# Blue Crayfish



## JustinRice (Feb 24, 2005)

ok i hear alot of people saying that piranhas eat crayfish(Looks like a lobster), and its not much since to try to have them live in peace. I don't mind the p's eating the crayfish, But i wouldn't want him to hurt my rbp's. if anyone has any experiance with this i would greatly like to hear your stories!







thanks for your time!


----------



## hyphen (Apr 4, 2004)

do a search. there have been 2 billion and a half threads on this topic.


----------



## MR.FREEZ (Jan 26, 2004)

crawdads eat fish and if hes big enough hell try to eat your piranhas and could very

well injure them


----------



## Red Eyes (Nov 25, 2003)

This is what happened to a crawfish when I put him in with my rhom ...


----------



## JustinRice (Feb 24, 2005)

Very Good I will make sure i gets one that My P's Can do the damage rather then letting him eat my P's!

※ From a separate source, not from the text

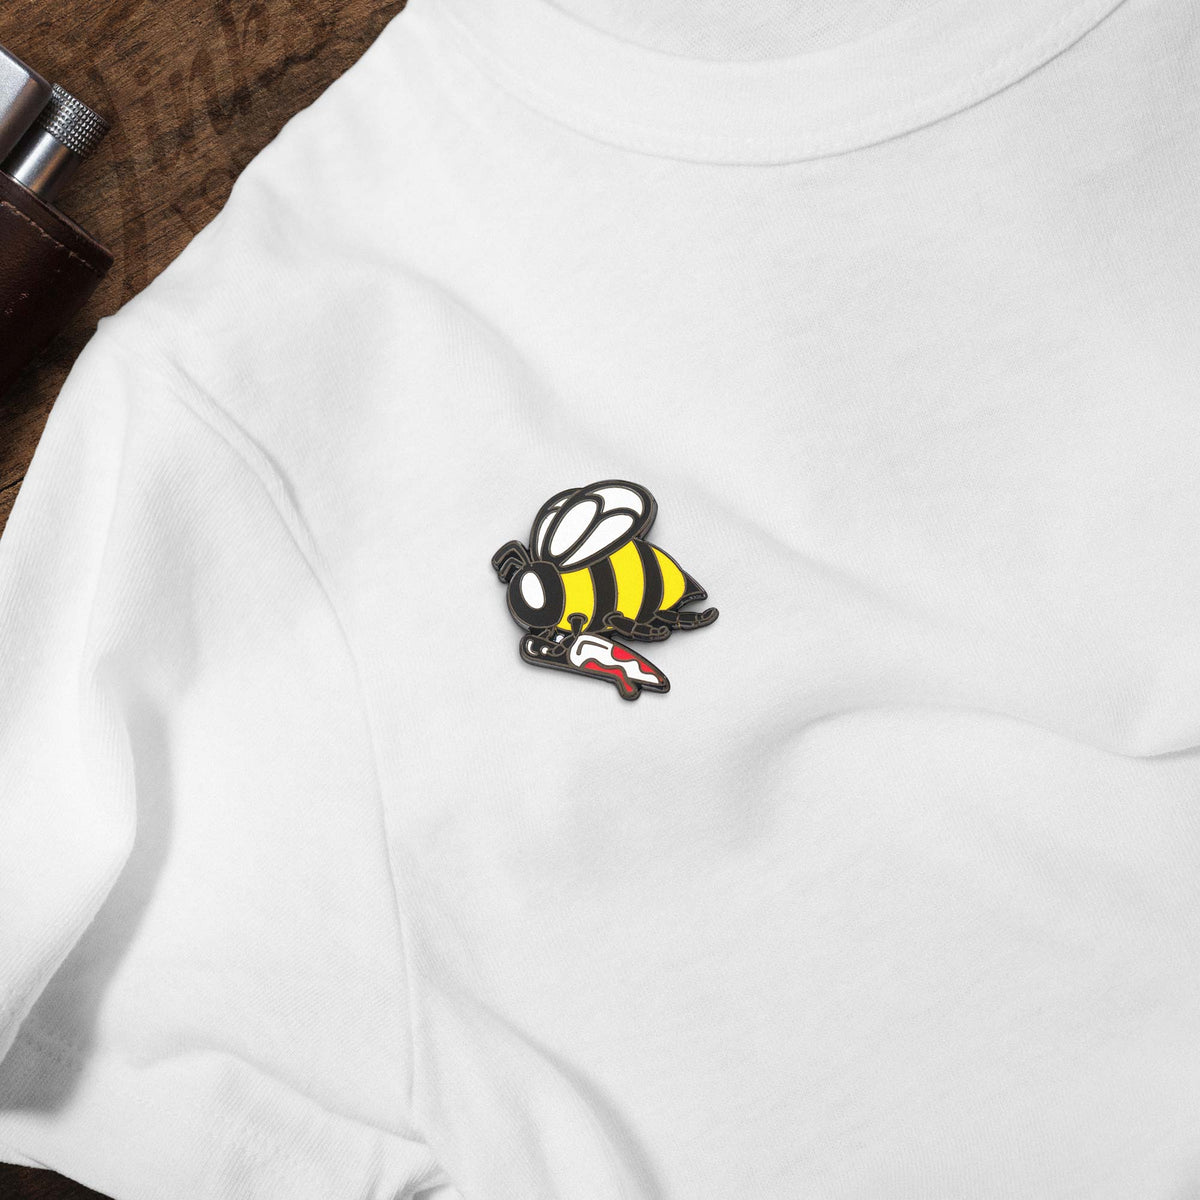 Busy Little Killer Bee Holding Knife hard enamel pin on white t-shirt

I bet i can hear him crunch outside the tank when the p's start eating him!







What about Snails would they be a good thing to have in a RBP tank?


----------



## Esoteric (Jul 7, 2004)

I added a regular cray to my (3) 6" Cariba and it was probly 3-4"... The first time I checked on the cray all I found is his head....

Def no chance but goodluck


----------